Sunday, June 8, 2014

Measure of Motherhood

It is a question that can keep me up at night.  It can rob me of inner peace.  It can cause me to measure myself against other mothers.  It can cause me to justify being judgmental against how others carry it out because we are doing it differently.  It can cause me to take the comments of others and create a block in my motherhood road map.  It can create doubt and fear that I'm making wrongs along the way that can't be made right.  
What makes a good mother?  A good parent of any kind, for that matter.
Recently, in my Sunday school class, this was our lesson.  It was eyeopening to me to see that there are very few scriptures about HOW to raise children.  The way to raise children in the right way is to strive to keep yourself on the right path.  OUCH!  Now that takes a different perspective.  You mean I can't just nag and discipline and coach and critique and praise and prompt and have them do what I believe they should??  In order to raise godly children, I'm supposed to examine my life and follow Christ's example.  Yep, that's it.  It makes perfect sense.  Children model everything we do.  That's the hard part. The scary part. The part where I have to pray please make me what I should be and mold me into something better when I stumble and fail every.single.day.  Help me to seek forgiveness and give me lots of second chances....and third and fourth.

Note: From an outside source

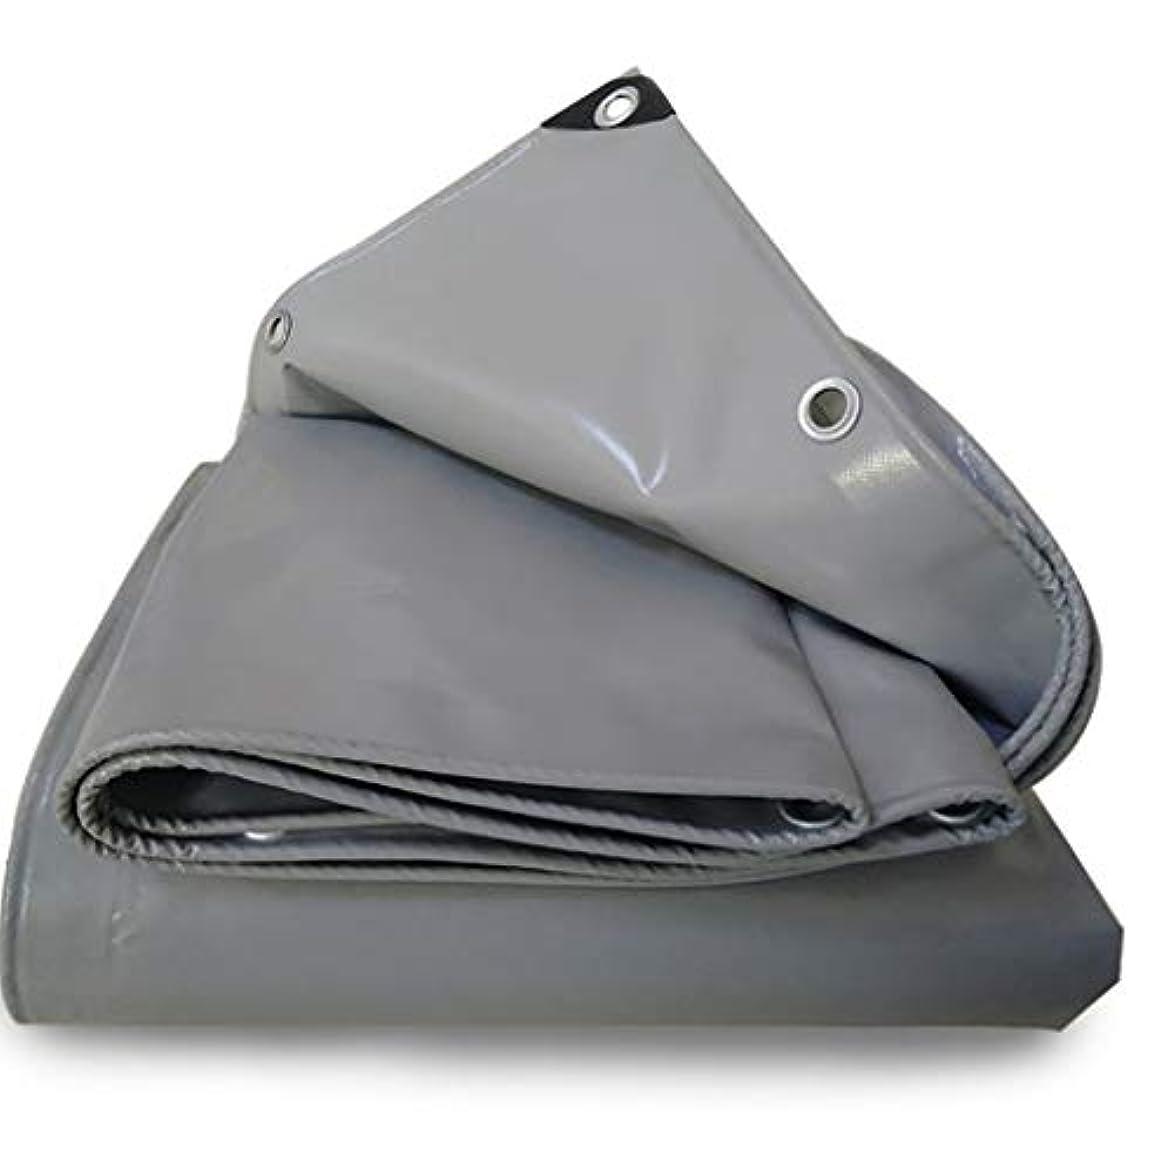 マイコン褐色ロードハウスタープ 防水シートカバー付きアイレットプラスサイズ、日焼け止め防水シートカーテンコンパクトルーフスムース、グレー テント (Color : Gray, Size : 6×7M)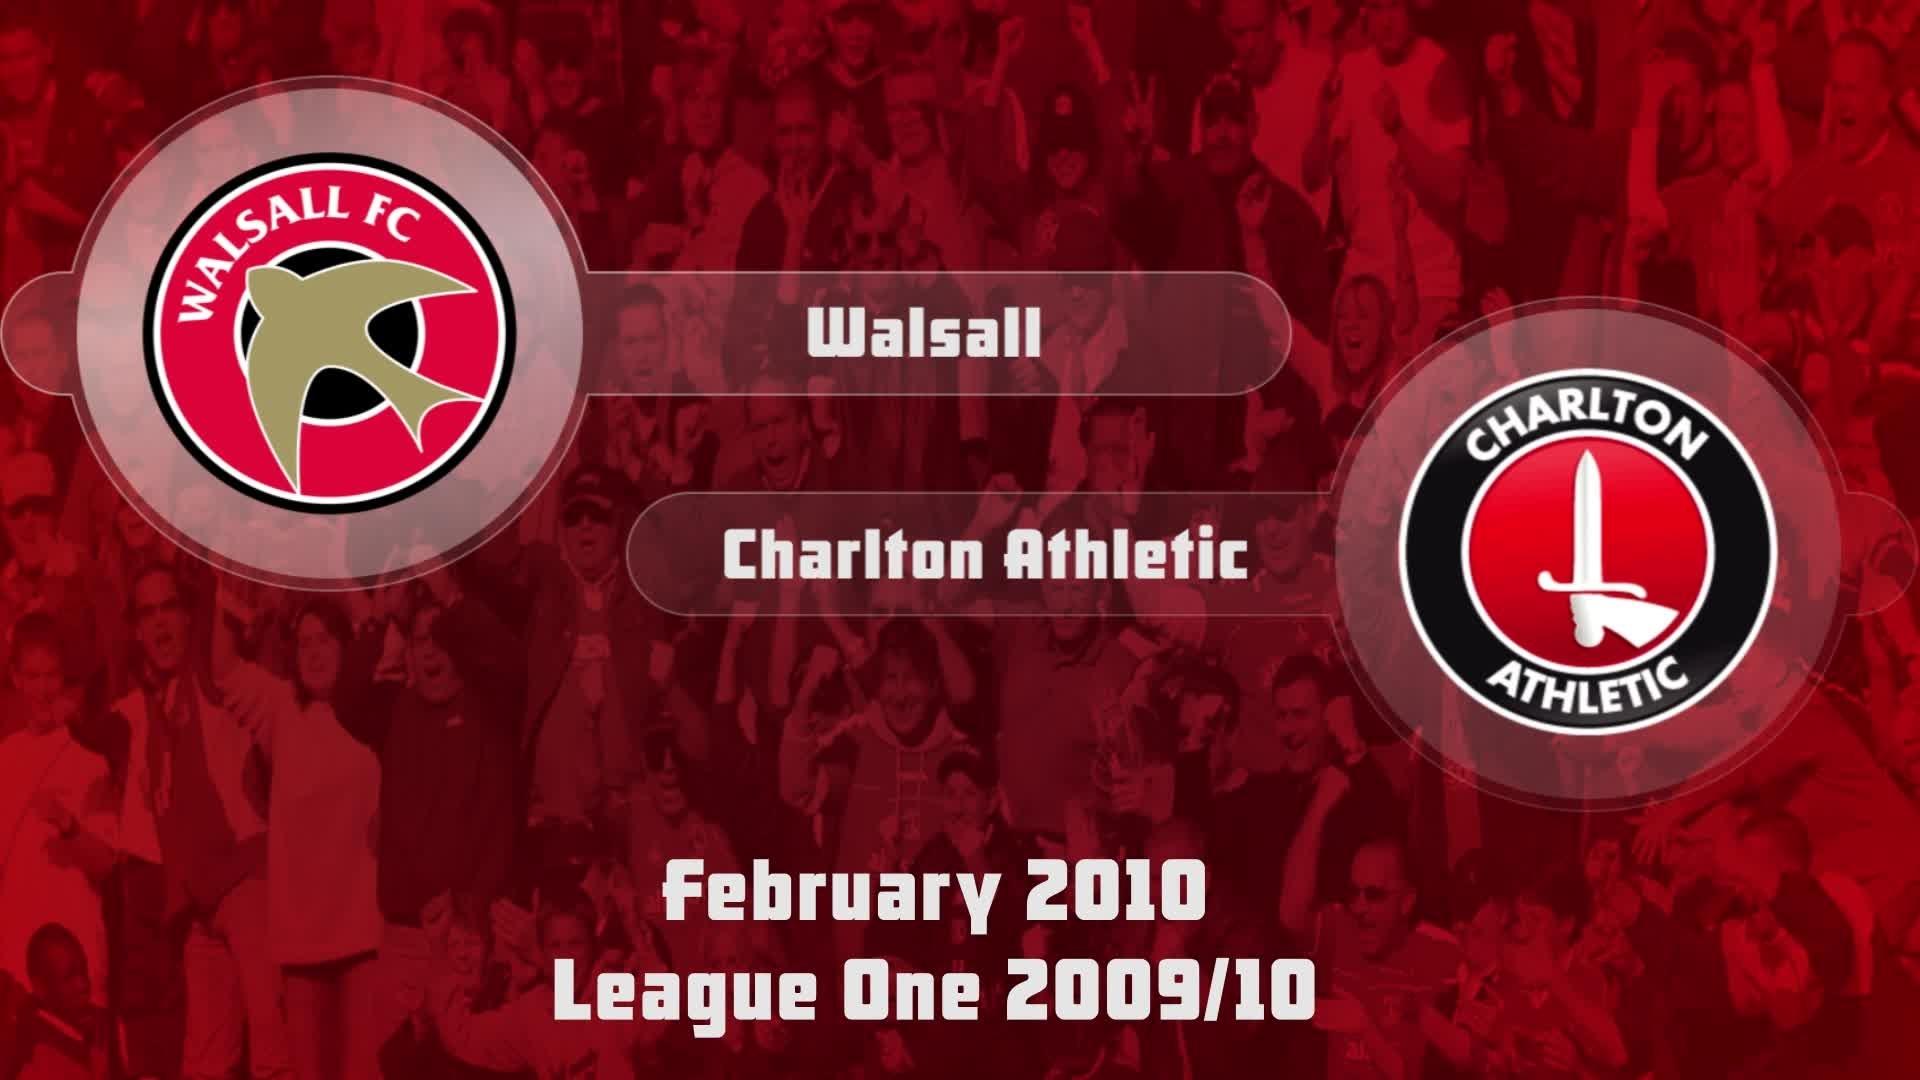 33 HIGHLIGHTS | Wallsall 1 Charlton 1 (Feb 2010)

The freeing part of this is that it's not all up to me.  I have been given an example of perfect love.  I've been given mercy and grace and I'm so thankful. I need it daily.  So the good news is that I have the most able and perfect helper in God above.  I'm also so blessed that I've been given an amazing husband to navigate this road with me.  Motherhood is probably the area in which I put most of my energy here on Earth.  I certainly want to succeed at it.  For today, I'll work on myself.
So, the lesson that I learned was......give it to God.  Strive to live my life close to Christ.  I will be equipped and through Him, I will measure up.